# Task brief
Images don't belong in the copy. Output the rest of the data exactly.

# Given data
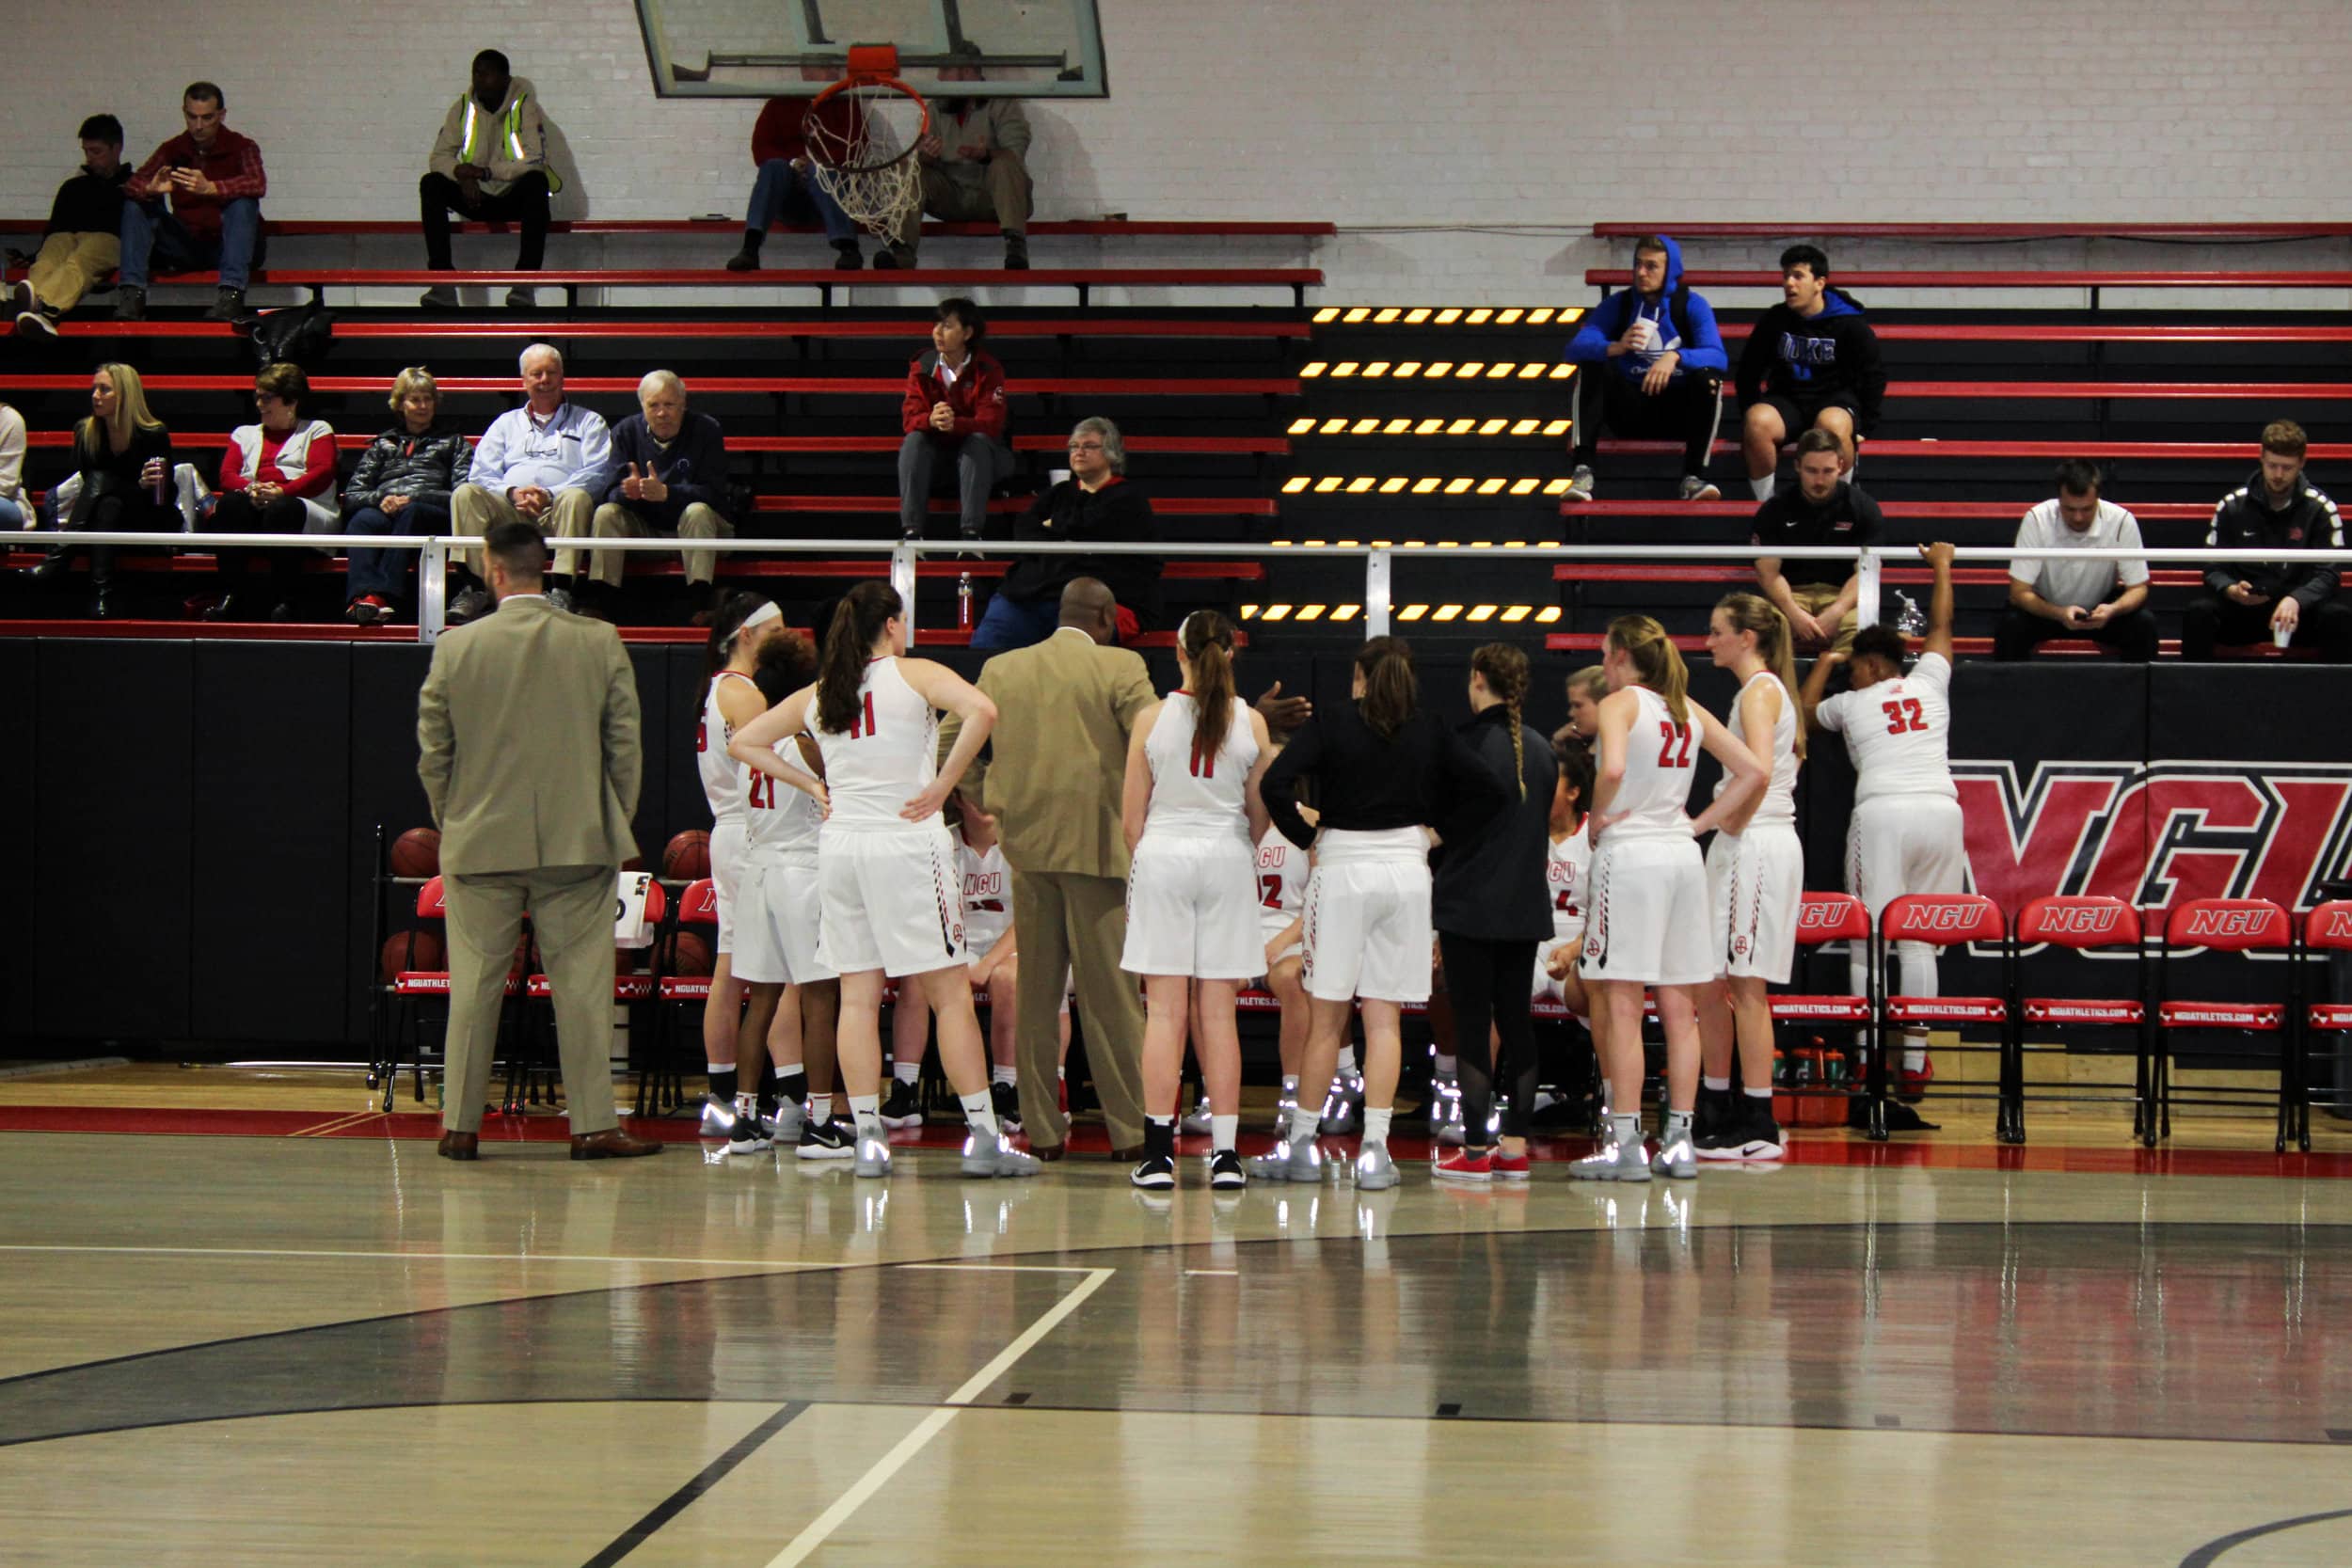 The NGU Womens Basketball team huddles together during a time out to listen to their coach.
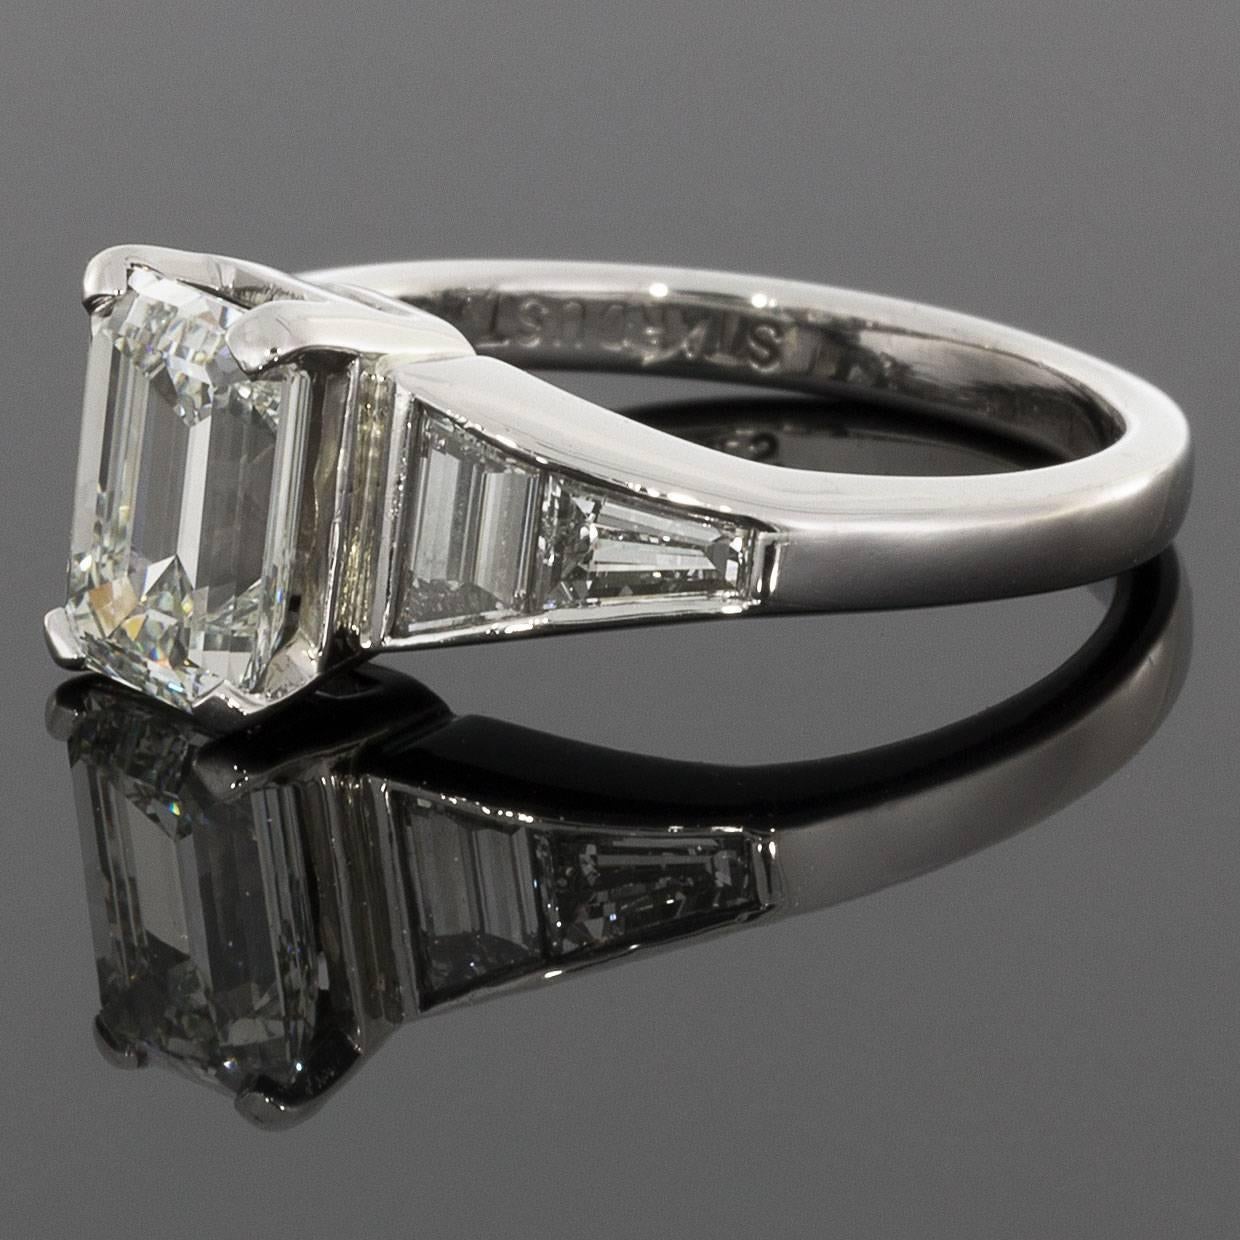 This spectacular ring features a gorgeous Art Deco style design. The dazzling center diamond is a 1.53 carat emerald cut diamond that is GIA certified as I/VS2 in quality. It is prong set in a vintage platinum ring. The ring also features beautiful,
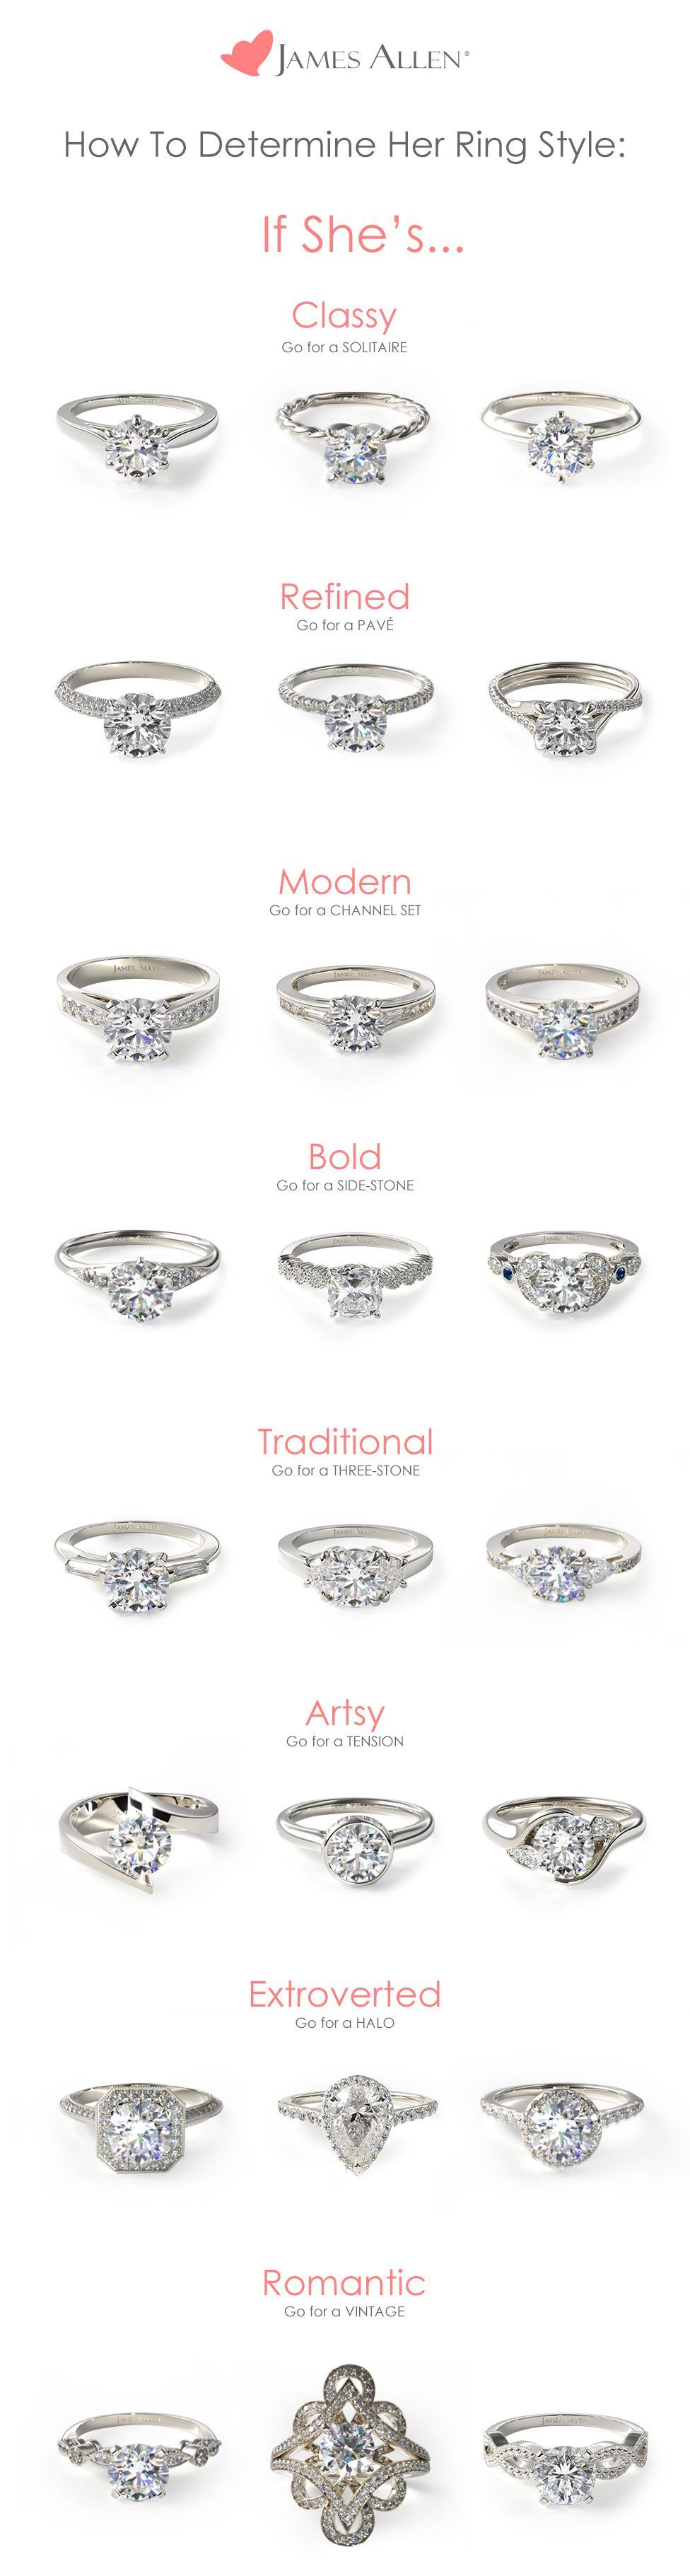 What type of engagement ring suits her best? This doesn’t need to be a guessing game :-) Browse 100,000+ certified diamonds and
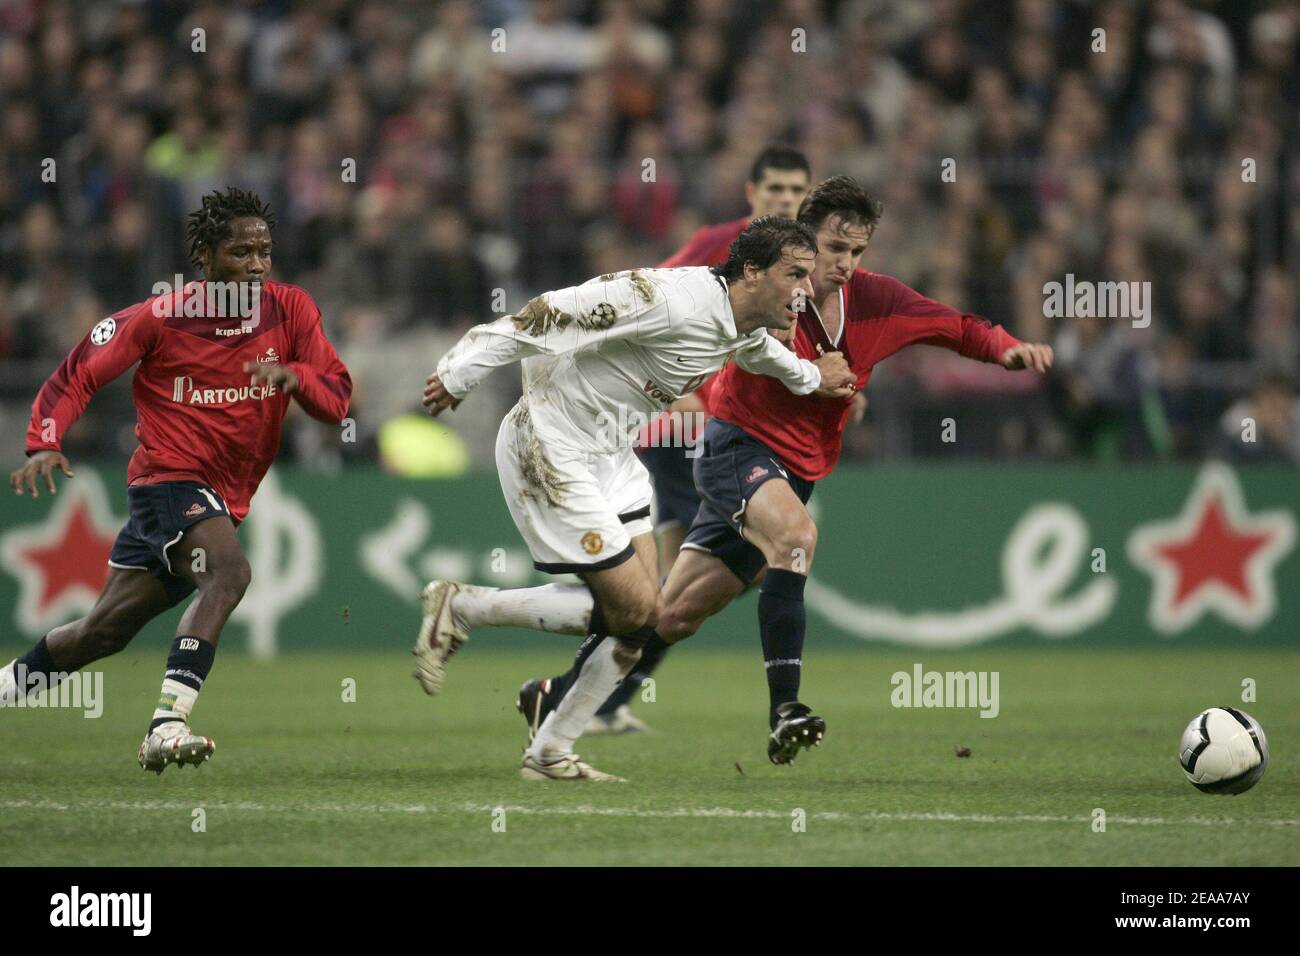 Manchester's Ruud Van Nistelrooy clears the ball under pressure from Lille's Jean Makoun(l) and Rafael (r) during the UEFA Champions League, Lille vs Manchester, in Saint-Denis near Paris, France, on November 2, 2005. Lille won 1-0. Photo by Laurent Zabulon/ABACAPRESS.COM Stock Photo

# The completed task
 The NGU Womens Basketball team huddles together during a time out to listen to their coach.
 This spectacular ring features a gorgeous Art Deco style design. The dazzling center diamond is a 1.53 carat emerald cut diamond that is GIA certified as I/VS2 in quality. It is prong set in a vintage platinum ring. The ring also features beautiful,
 What type of engagement ring suits her best? This doesn’t need to be a guessing game :-) Browse 100,000+ certified diamonds and
 Manchester's Ruud Van Nistelrooy clears the ball under pressure from Lille's Jean Makoun(l) and Rafael (r) during the UEFA Champions League, Lille vs Manchester, in Saint-Denis near Paris, France, on November 2, 2005. Lille won 1-0. Photo by Laurent Zabulon/ABACAPRESS.COM Stock Photo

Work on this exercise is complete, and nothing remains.